• _EXERCISE PROMPT_:
Beginning with the line containing "Leather Reclining Sofa" and ending at the last line of the data, set down every line exactly, leaving out all pictures.

• _DATA_:

|---|

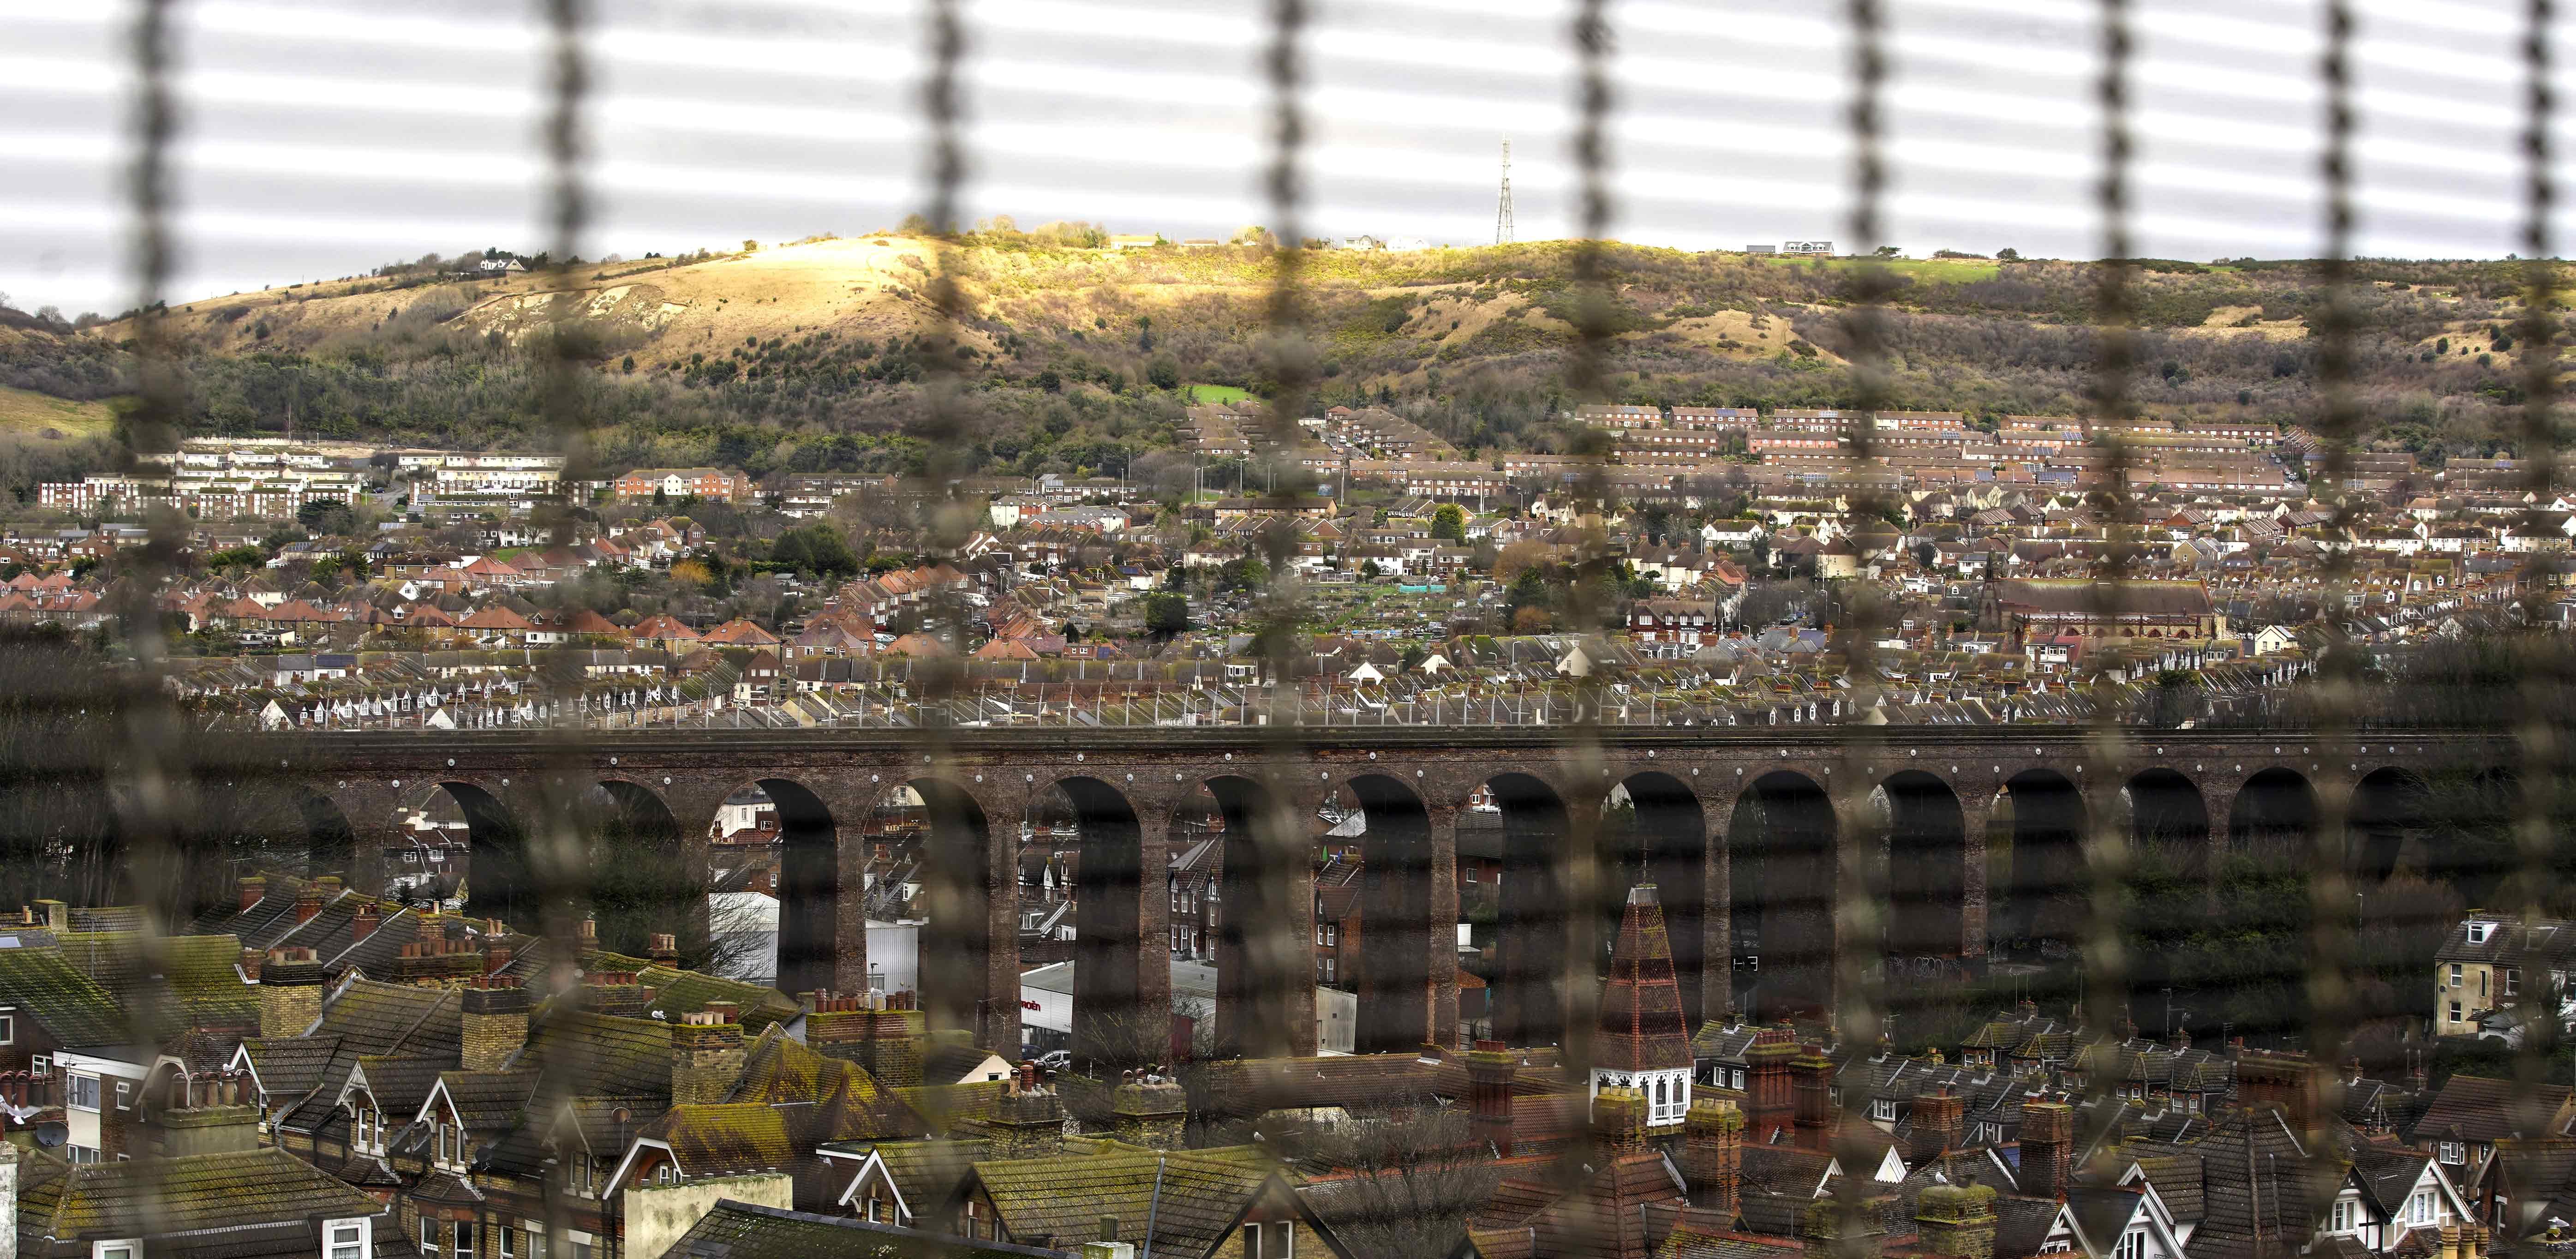 Railway Viaduct Dave Shackle Vista
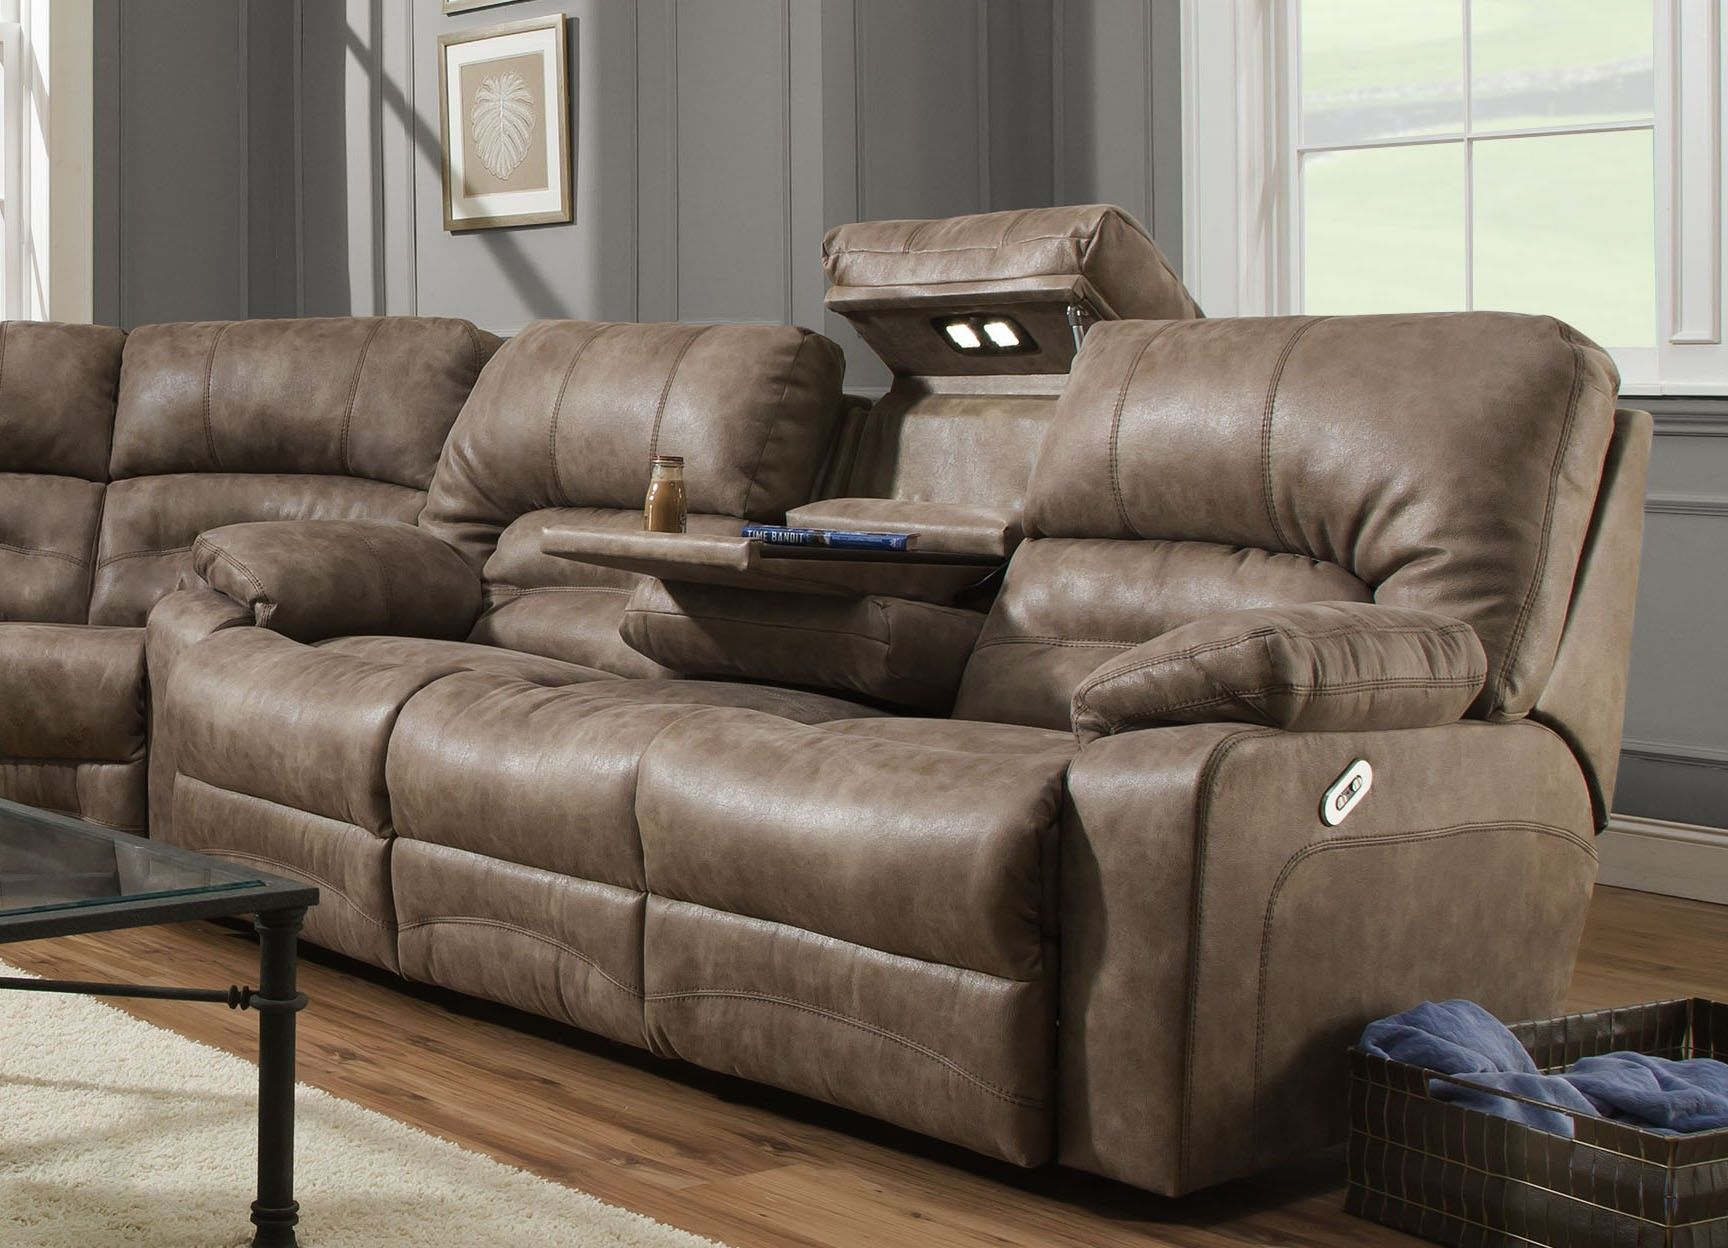 Leather Reclining Sofa With Fold Down Console Di 2020 Dengan Gambar
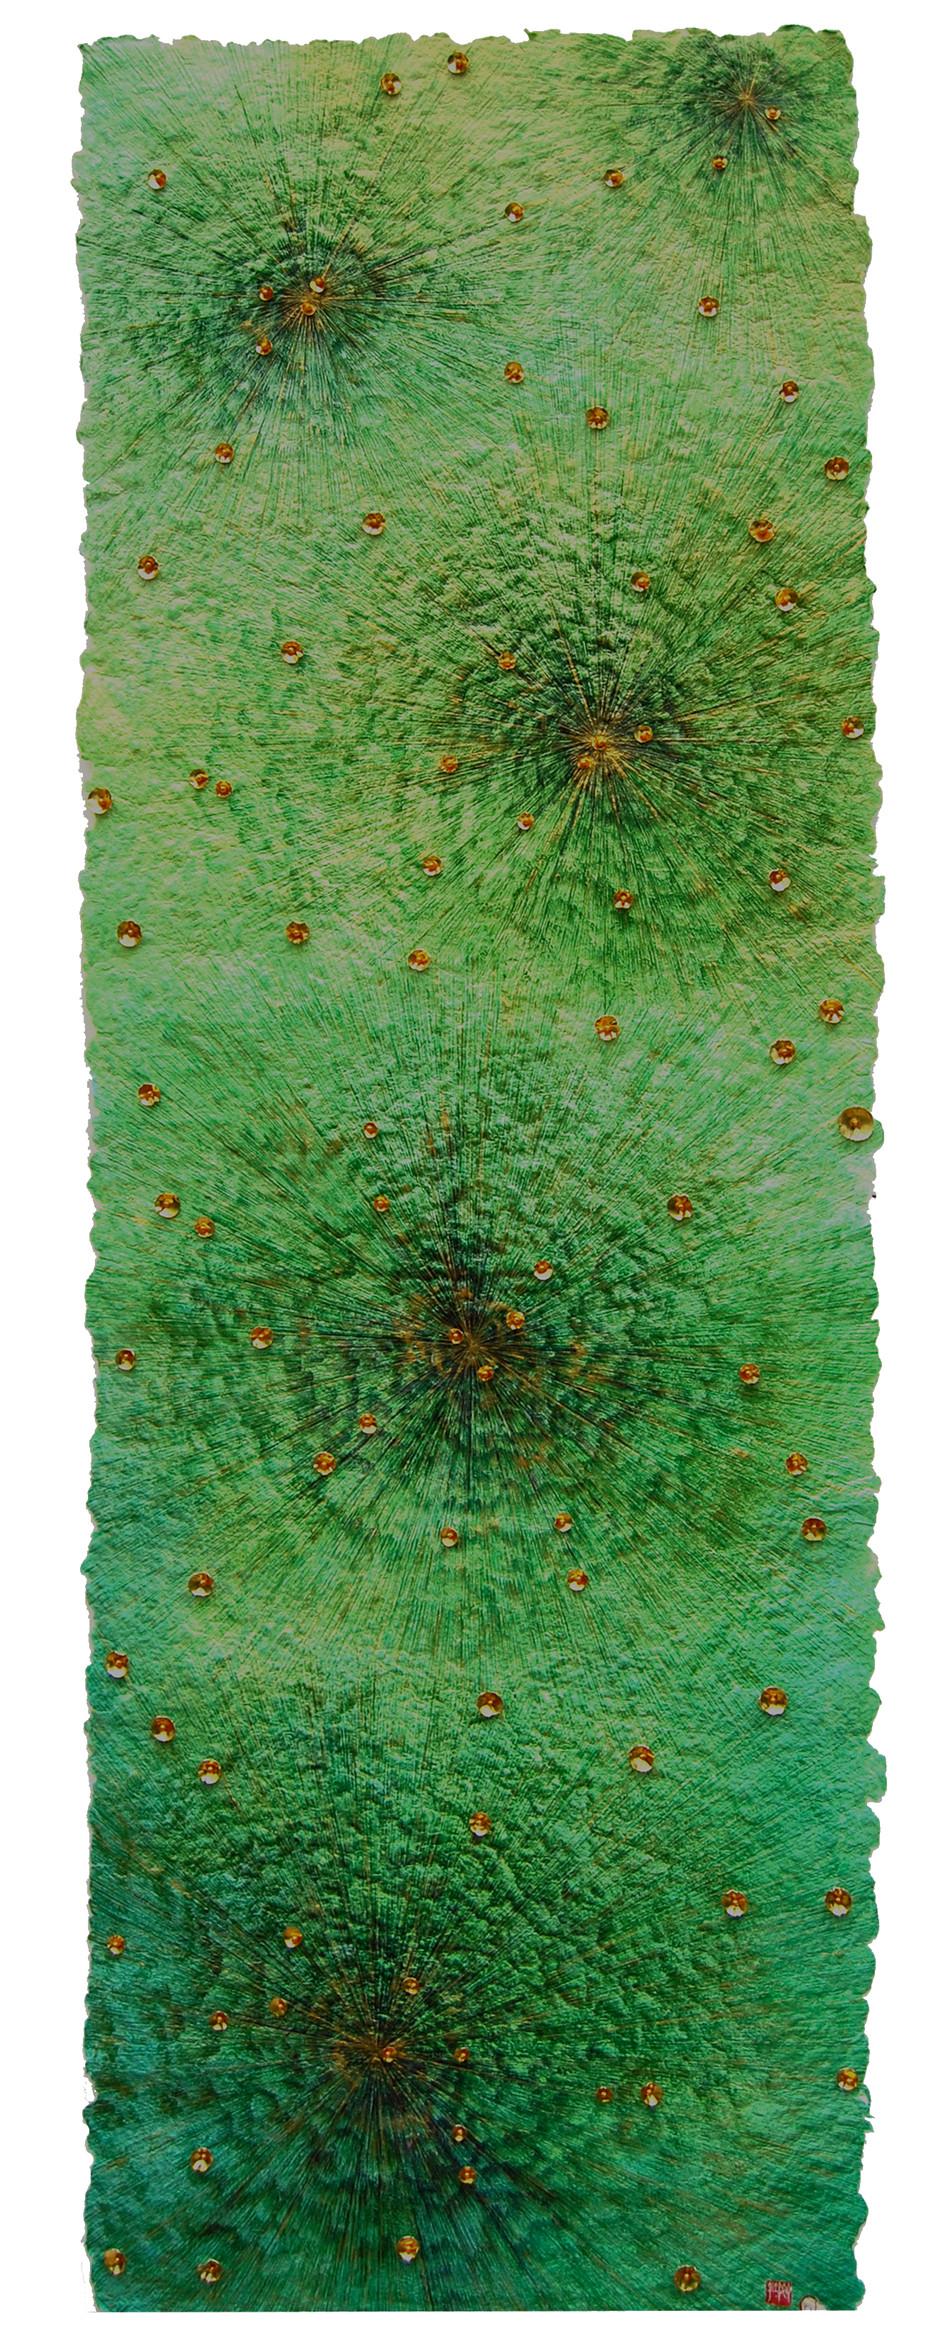 Green Sparkle - 2017
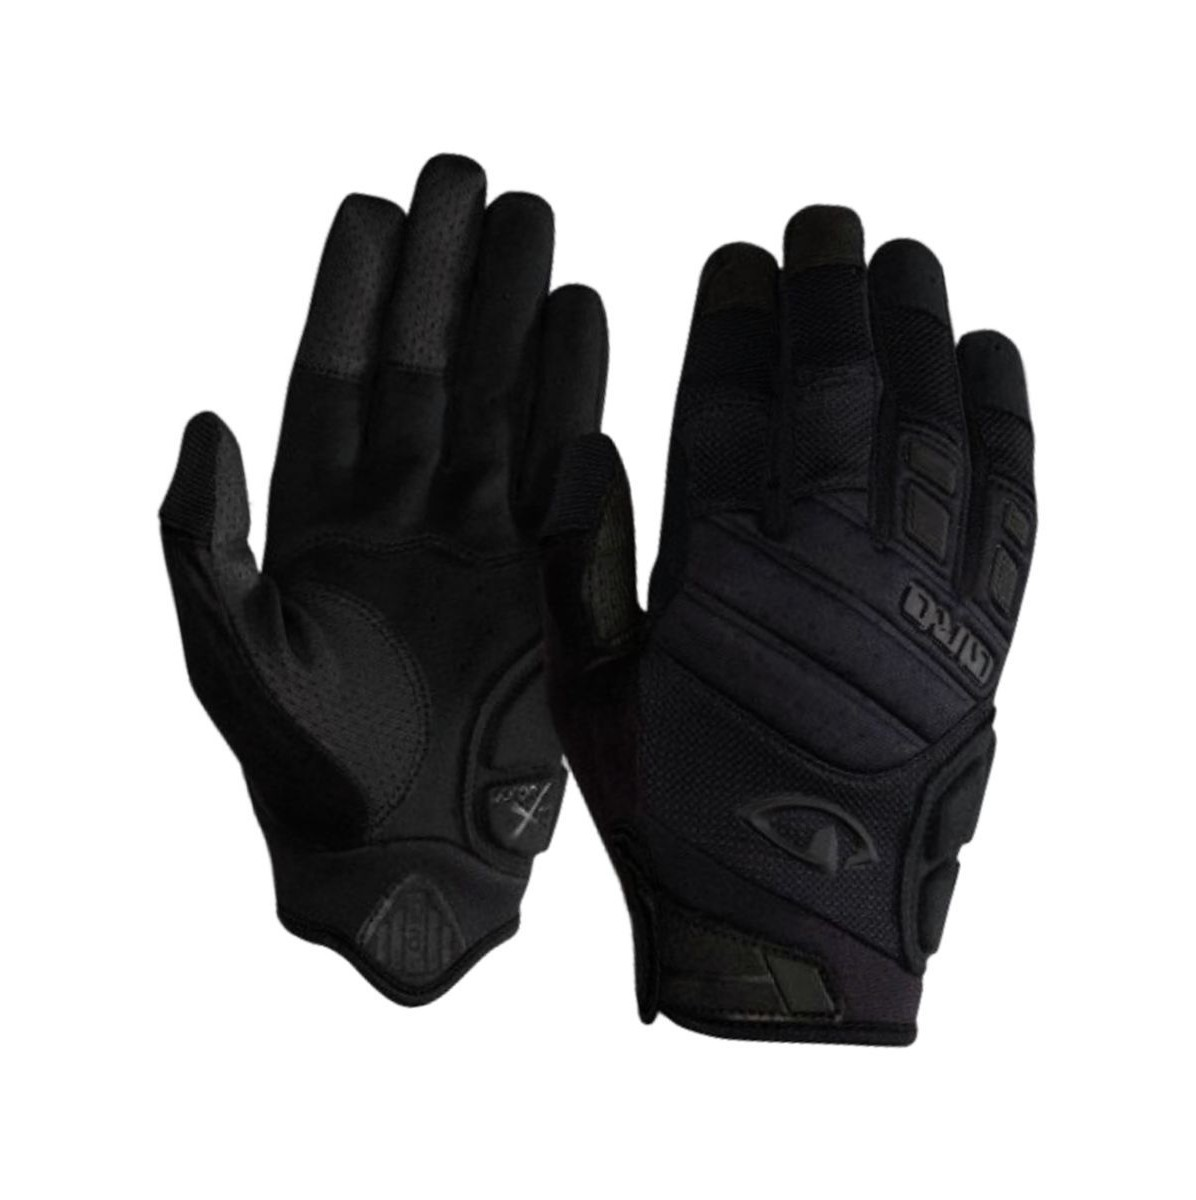 Giro Xen Glove Giro Xen Glove - Black

|---|

• _EXPECTED ANSWER_:
 Leather Reclining Sofa With Fold Down Console Di 2020 Dengan Gambar
 Green Sparkle - 2017
 Giro Xen Glove Giro Xen Glove - Black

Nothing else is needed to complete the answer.